Lorsqu’il s’agit d’une audience au cours de laquelle il doit être statué sur le placement en détention provisoire ou la prolongation de la détention provisoire, la personne détenue peut, lorsqu’elle est informée de la date de l’audience et du fait que le recours à ce moyen est envisagé, refuser l’utilisation d’un moyen de télécommunication audiovisuelle, sauf si son transport paraît devoir être évité en raison des risques graves de trouble à l’ordre public ou d’évasion ».

Il se déduit par ailleurs de l’article 593 du Code de procédure pénale, que le juge qui décide de recourir à cette procédure doit indiquer dans sa décision, les motifs le justifiant.

En l’espèce, la chambre de l’instruction s’est fondée, pour rejeter la demande de nullité de l’ordonnance du juge des libertés et de la détention, sur le fait que le refus de renfort opposé par la gendarmerie pour extraire M. G constituait une circonstance imprévisible et insurmontable, extérieure au service public de la justice.

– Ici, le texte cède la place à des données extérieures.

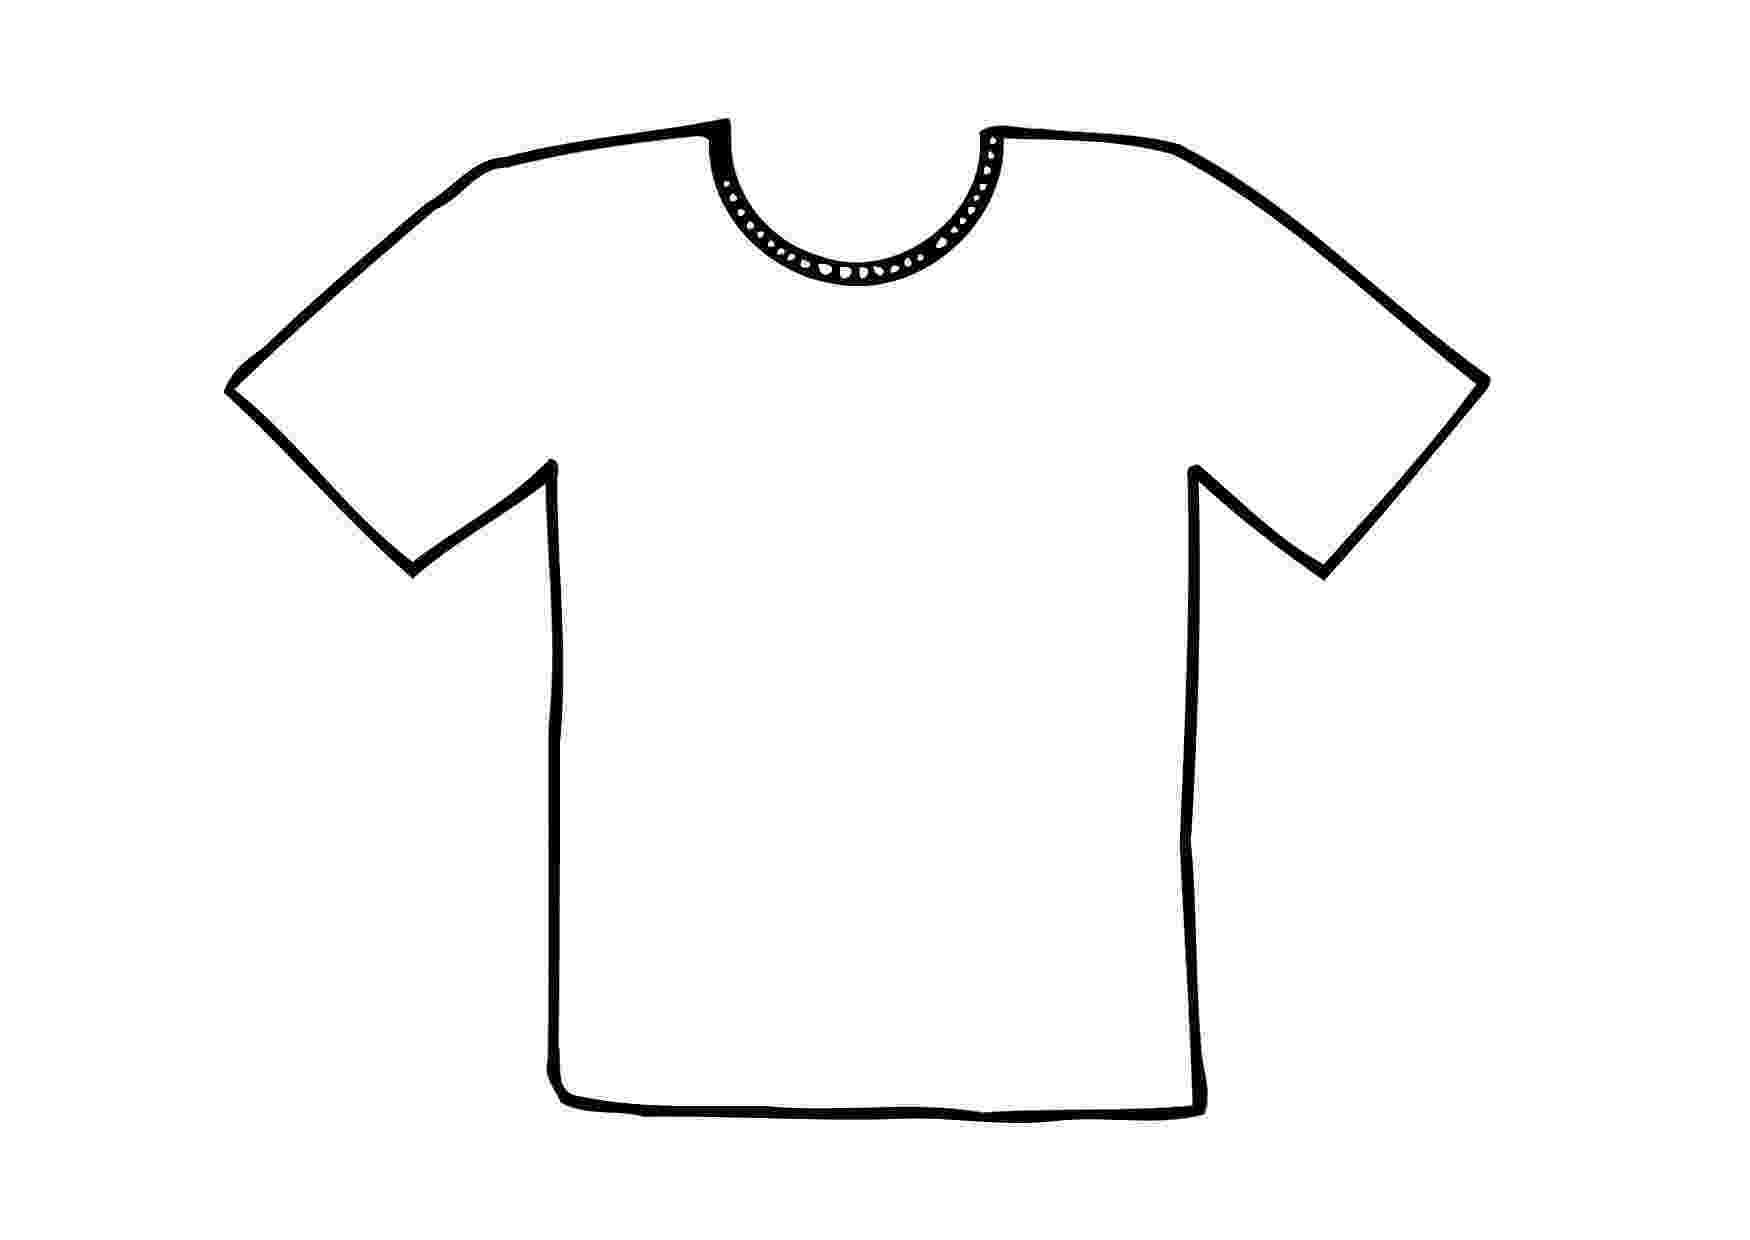 coloring book shirt men shirt coloring page book shirt coloring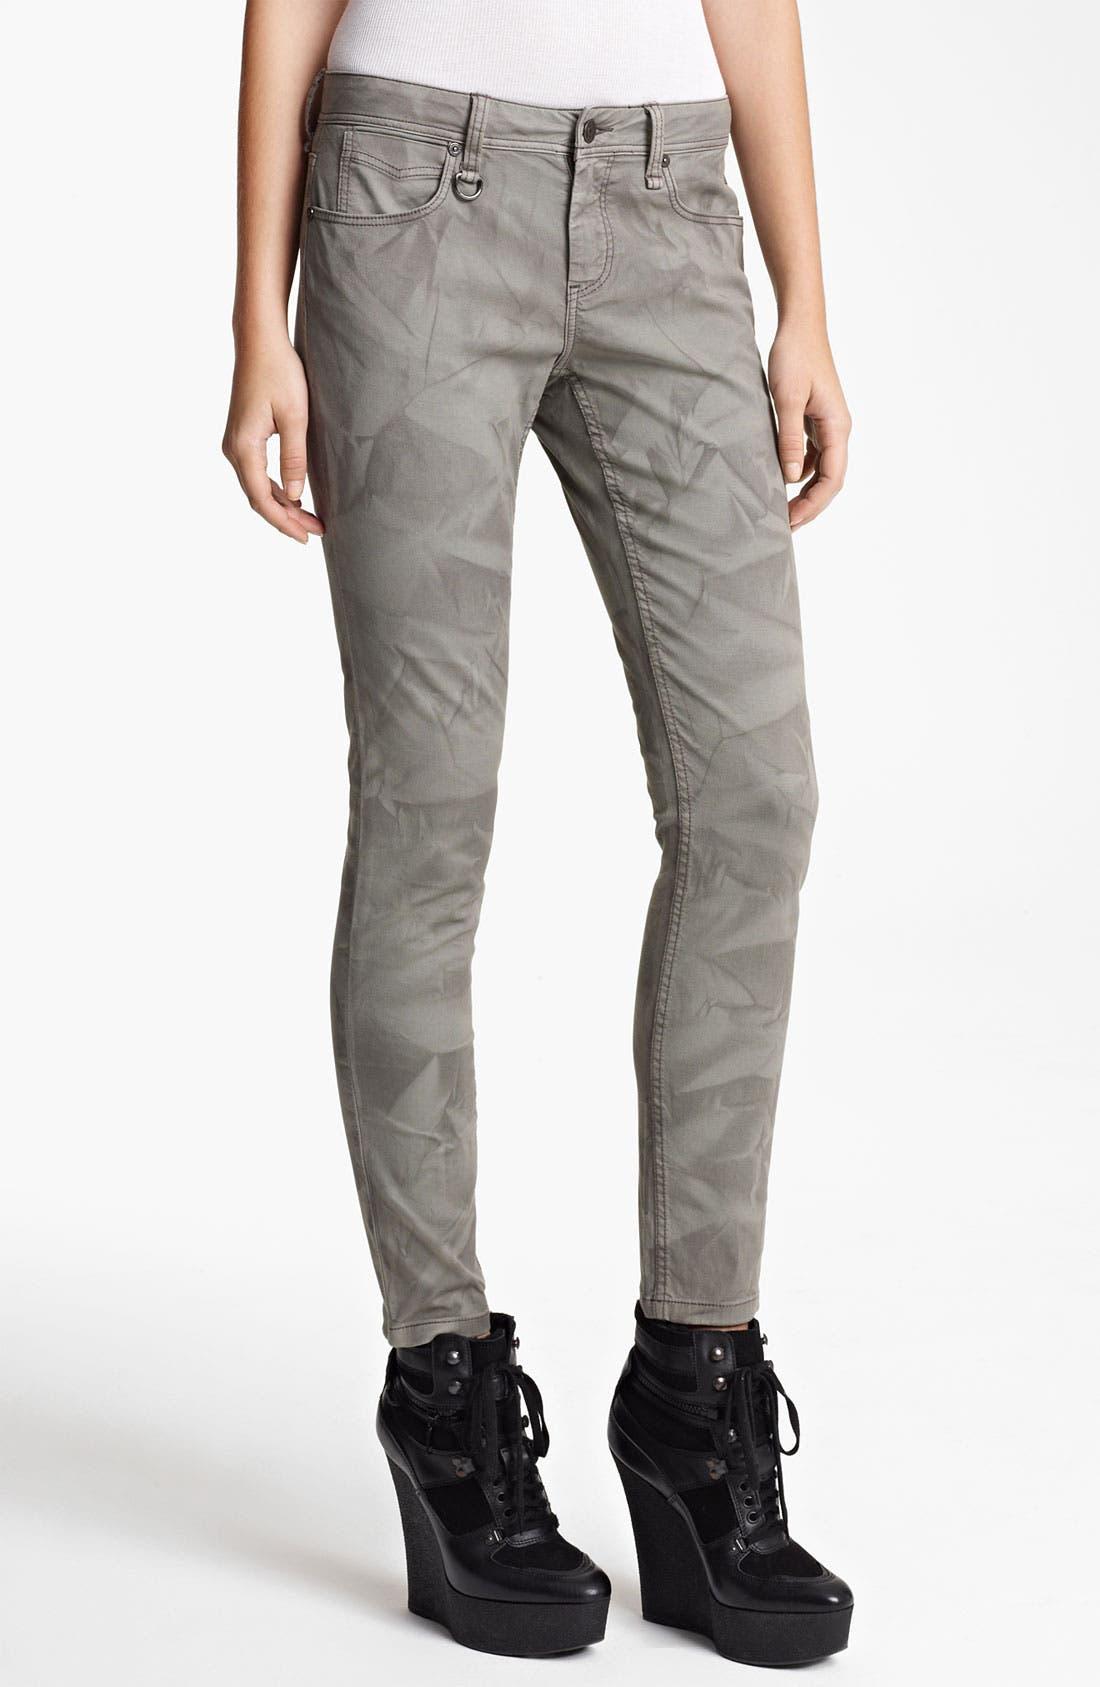 Alternate Image 1 Selected - Burberry Brit Crumple Dye Pants (Online Exclusive)

Pour casser cette décision, la Cour de cassation a retenu que l’exécution des réquisitions d’extraction est une mission qui relève du service public de la justice et que le défaut d’extraction par les services de l’administration pénitentiaire justifié par l’absence de renfort des forces de sécurité intérieure ne saurait, à lui seul et indépendamment de toute autre circonstance, constituer une circonstance imprévisible et insurmontable extérieure au service de la justice.

Elle a ensuite jugé que la chambre de l’instruction aurait dû, après avoir constaté que M. G. refusait le recours à la visioconférence, pour pouvoir écarter la nullité du débat contradictoire devant le juge des libertés et de la détention, rechercher si son extraction paraissait devoir être évitée en raison des risques graves de trouble à l’ordre public ou d’évasion.

Il se déduit de cette décision que le recours à la technologie pour la tenue des audiences, doit rester l’exception et que ce n’est qu’en cas de force majeure que son utilisation se justifie.